Усталое лицо тридцатипятилетнего мужчины с дикими пронзительными глазами… Я никогда прежде не видел Репейникова, но узнал сразу благодаря описанию Олега.
Разоблаченный дернулся, получив тычок в грудь и откинулся на спинку кресла. Ванда сунулась было назад к двери, но окрик «Сидеть!» заставил ее упасть на банкетку.
Во мне медленно, но круто закипала злость, заваренная на ненависти к подонкам.
— Я не милиция — церемониться не буду! Начнете хамить — убью голыми руками.
Серьезность предупреждения усвоили. Репейников небрежно бросил пистолет на столик, а его подруга театрально всхлипнула и прикрыла ладонью глаза — прямо народная артистка республики!
— Что вы хотите? — спросил Репейников.
— Если честно, то пристрелить… По крайней мере, тебя!
— За что?!
— Где деньги?
— Деньги?!
— Взятые у Носова!
Оба разом подскочили.
Я внимательно посмотрел на них, и в душе возникло неприятное ощущение, словно бегу на последний автобус и понимаю, что все равно не успею…
Репейников расхохотался внезапно и мстительно.
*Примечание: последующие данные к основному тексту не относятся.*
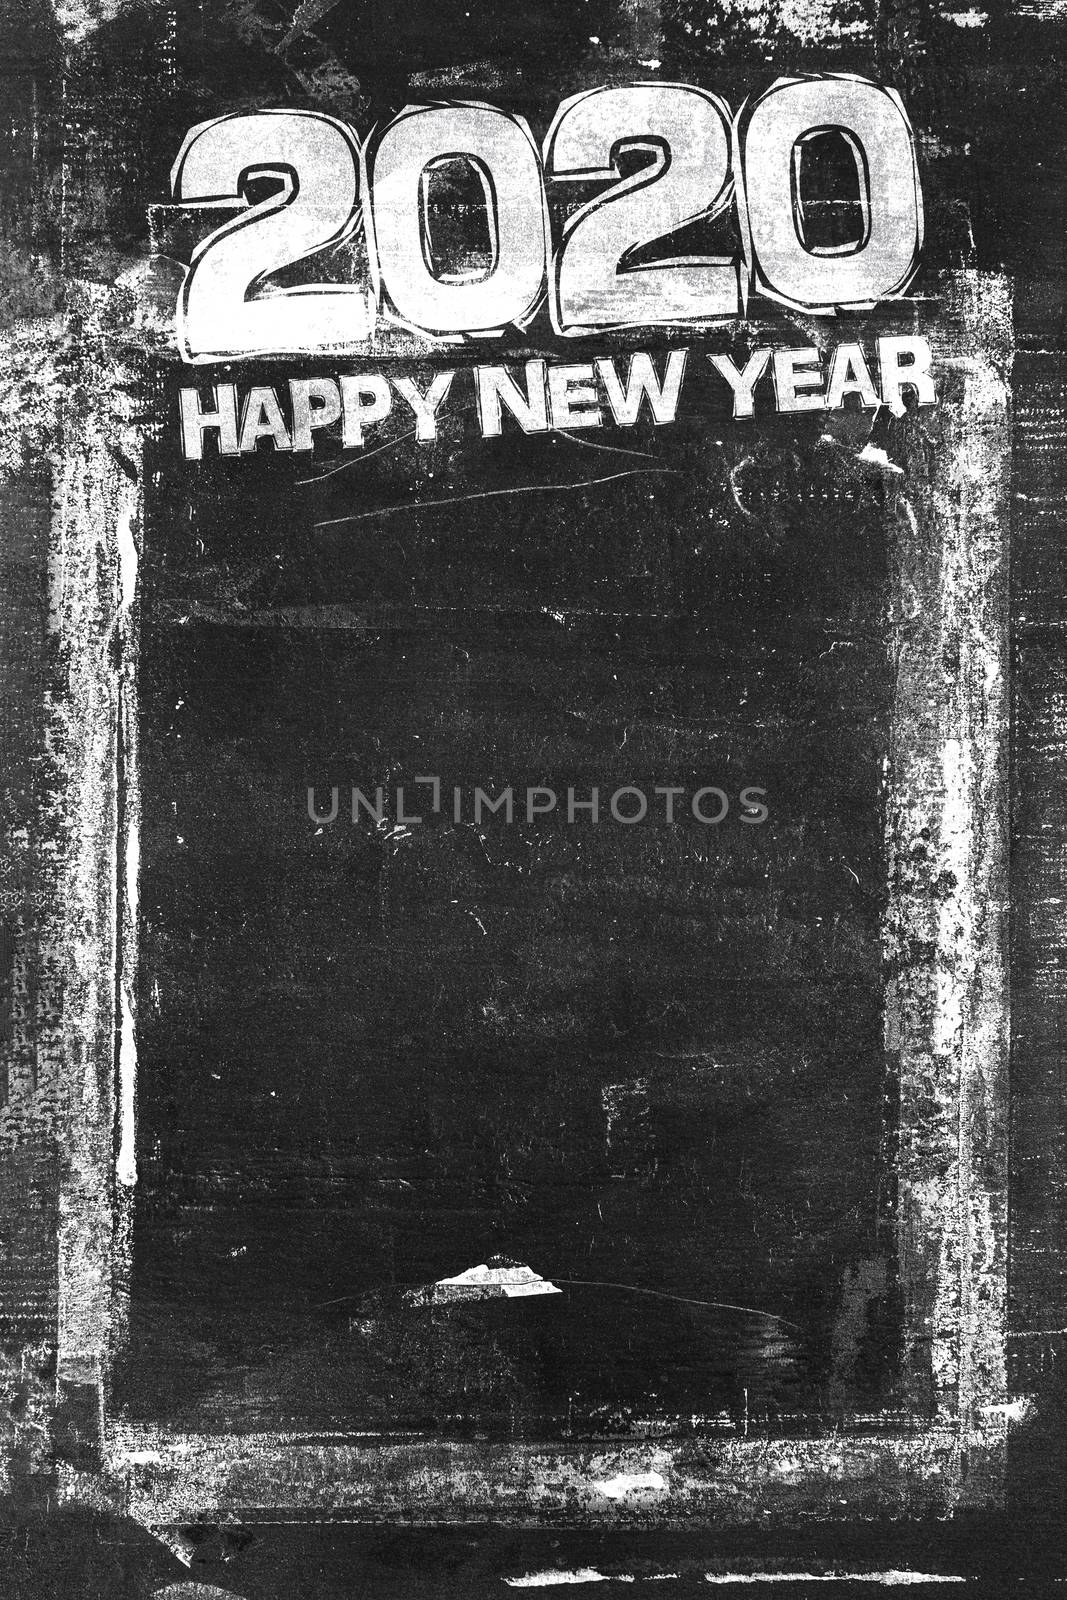 Happy New Year 2020 Grungy Chalkboard Background by germanopoli

— Идиот! — выкрикнул он и тише добавил. — Нет, идиот, скорее, я сам… Думал…
Он не договорил, подавившись новым приступом смеха.
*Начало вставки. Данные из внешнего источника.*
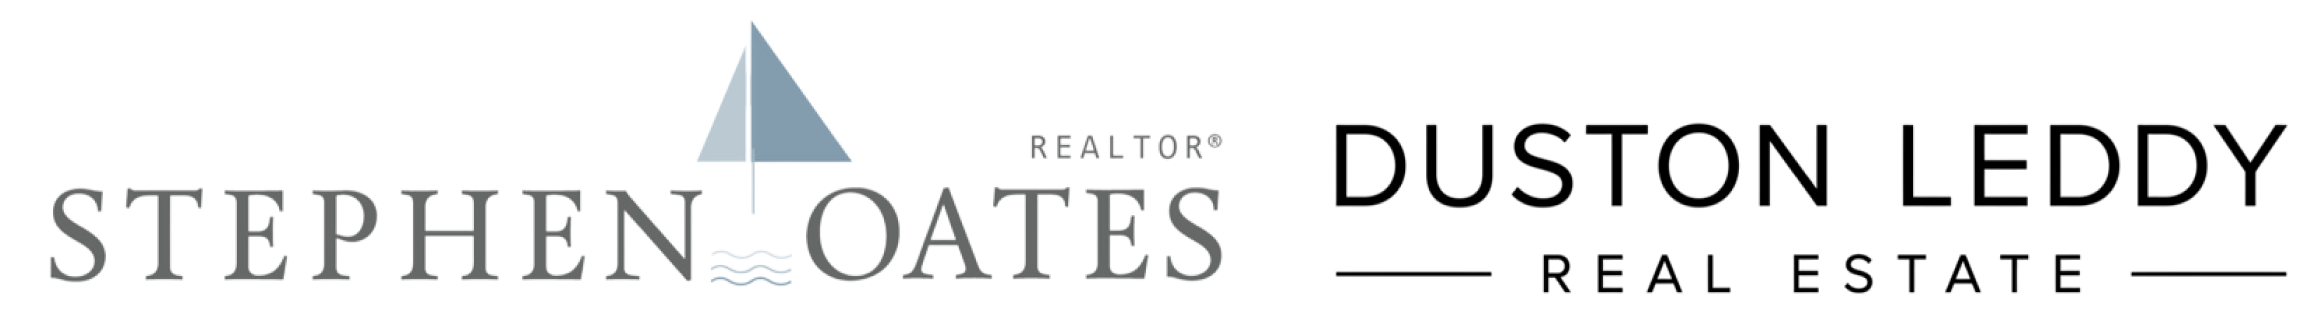 Seacost homes White Header Logo

Двинуть бы от всего сердца по довольной роже, но рука не повиновалась.
— Вот в чем дело! — сообщил он Зеленской. — Нас подозревают в убийстве Виктора!
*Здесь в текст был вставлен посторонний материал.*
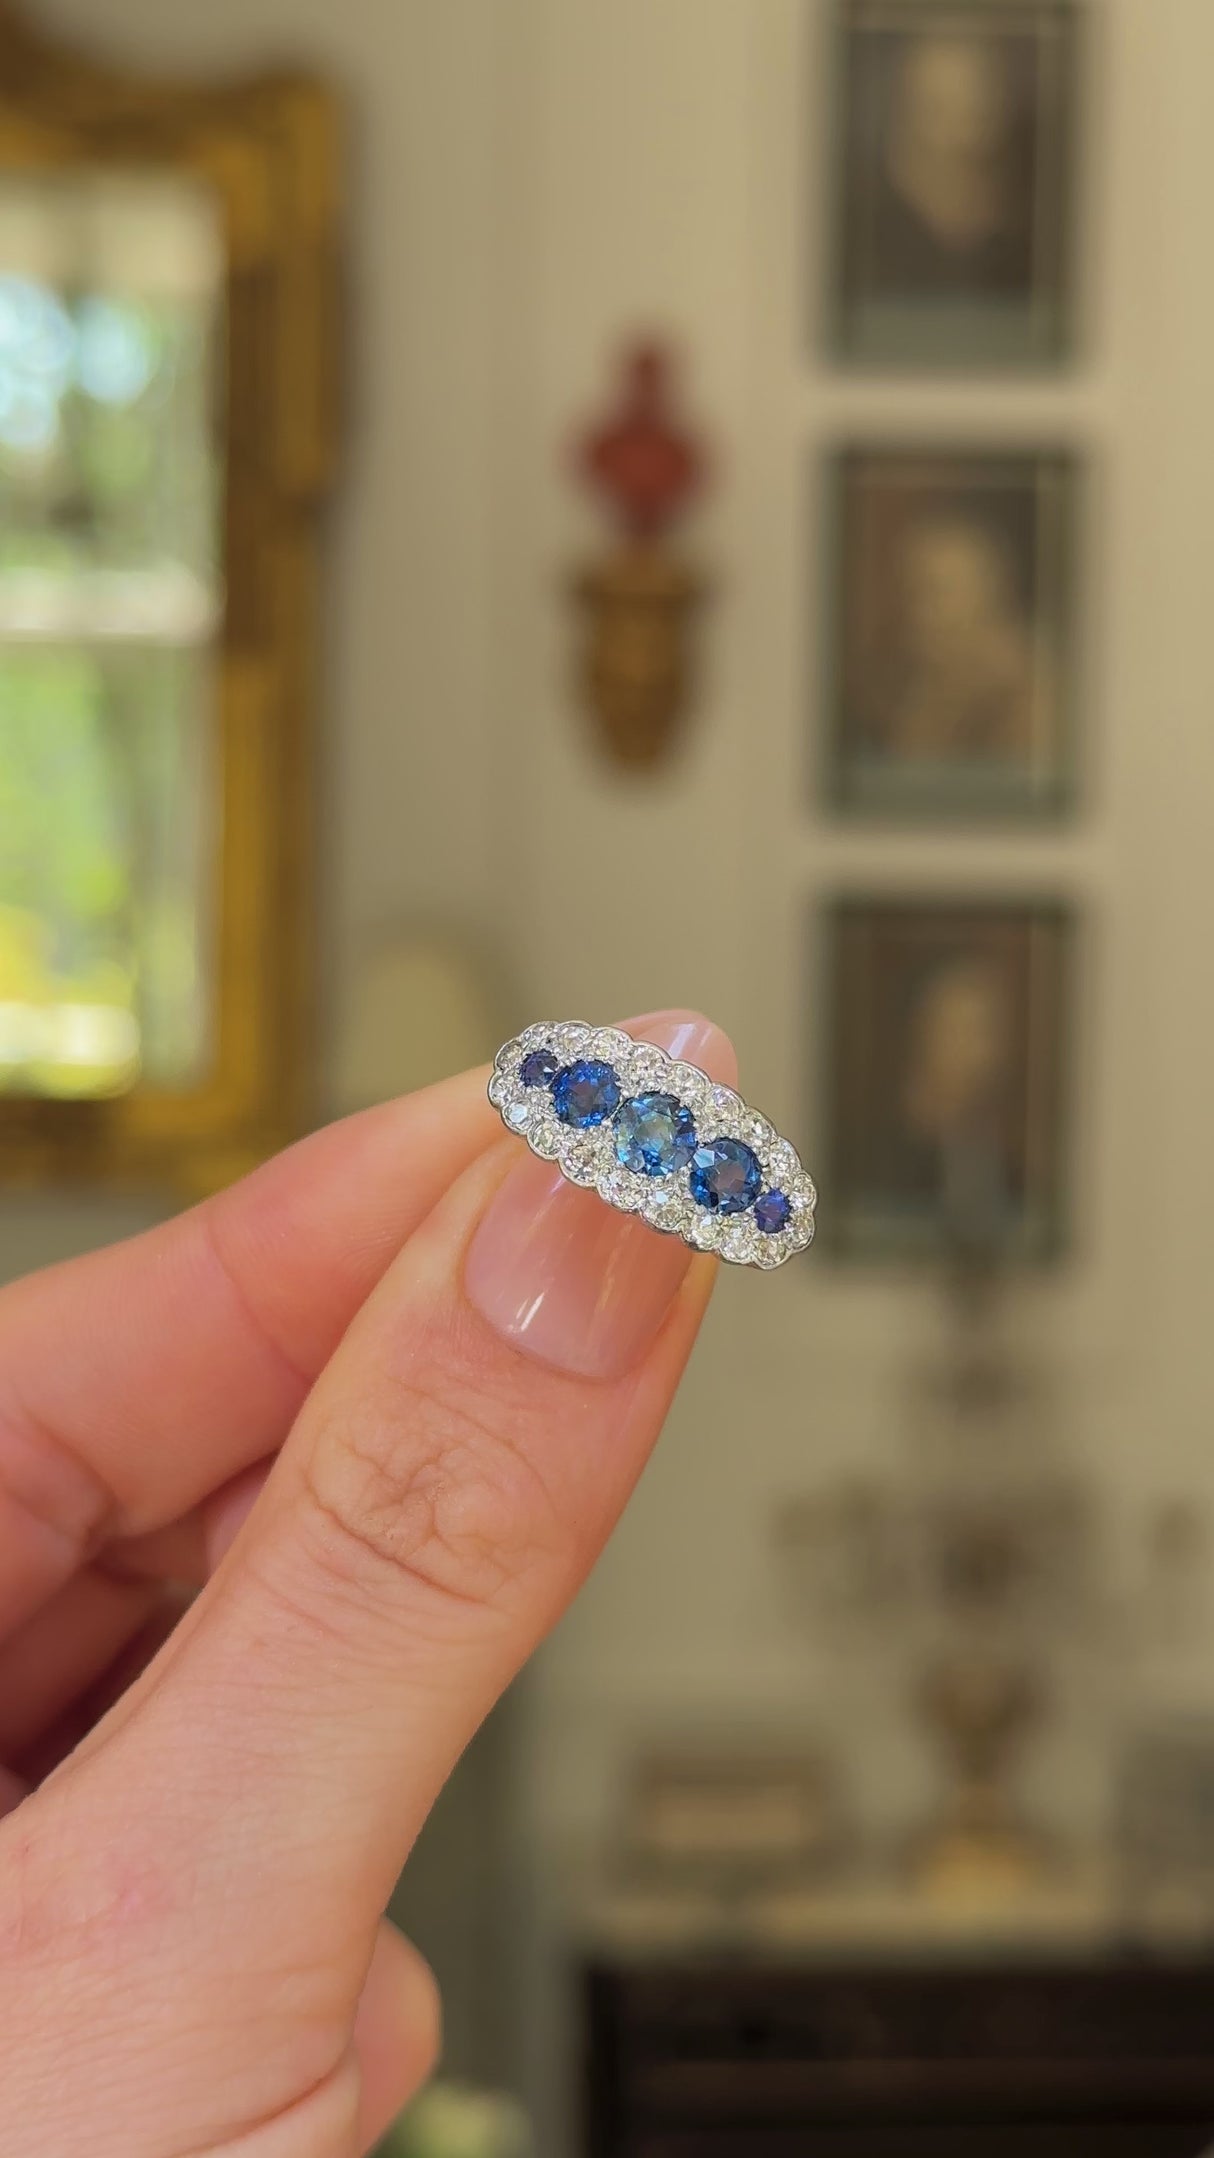 Edwardian Blue Sapphire and Diamond Five Stone Ring, 18ct Yellow Gold

Дама улыбнулась, но ее голова соображала медленно, поэтому улыбка получилась вымученной.
— На кого ты работаешь? — вопрос теперь адресовался мне.
— На себя!
Карточка частного детектива окончательно развеселила наглеца.
— А мы уж подумали невесть что…
Если он не играет — а похоже, так оно и есть — мы снова влетели в тупик. Злость не прошла, но стала какой-то тоскливой.
Собеседник внимательно посмотрел мне в глаза, сообразил, что переборщил и посчитал разумным разрядить атмосферу.
— Ванда, поди свари нам кофе. Фирменный, поняла? — не попросил, а приказал.
Мадам удалилась, обрадованно кивая, как японская гейша, счастливая от возможности угодить господину.
— У тебя, вероятно, есть веские основания считать, будто я… — он запнулся, подыскивая слова, — …будто за той трагедией стою я, коль ты прешь напролом?
Я промолчал, выжидая.
— Есть! — сам себе подтвердил Репейников. И независимо от того, на кого ты работаешь, наверняка имеешь контакты с «ментовкой»… В таком деле это неизбежно!
Логически мыслит, мерзавец.
— Поэтому постараюсь развеять ваши подозрения.
Слово «ваши» он подчеркнул.
— Но можешь передать друзьям в погонах, что под запись я никогда ничего не повторю и буду наотрез отказываться даже от самого факта сегодняшнего разговора с тобой. И еще условие: я тебя обыщу — маленькие диктофончики сейчас в моде.
— Держись скромнее!
— Тогда, увы, замолкаю.
Он скрестил руки на груди и отвернулся.
— Черт с тобой!
Диктофона не было, а послушать Репейникова не мешало.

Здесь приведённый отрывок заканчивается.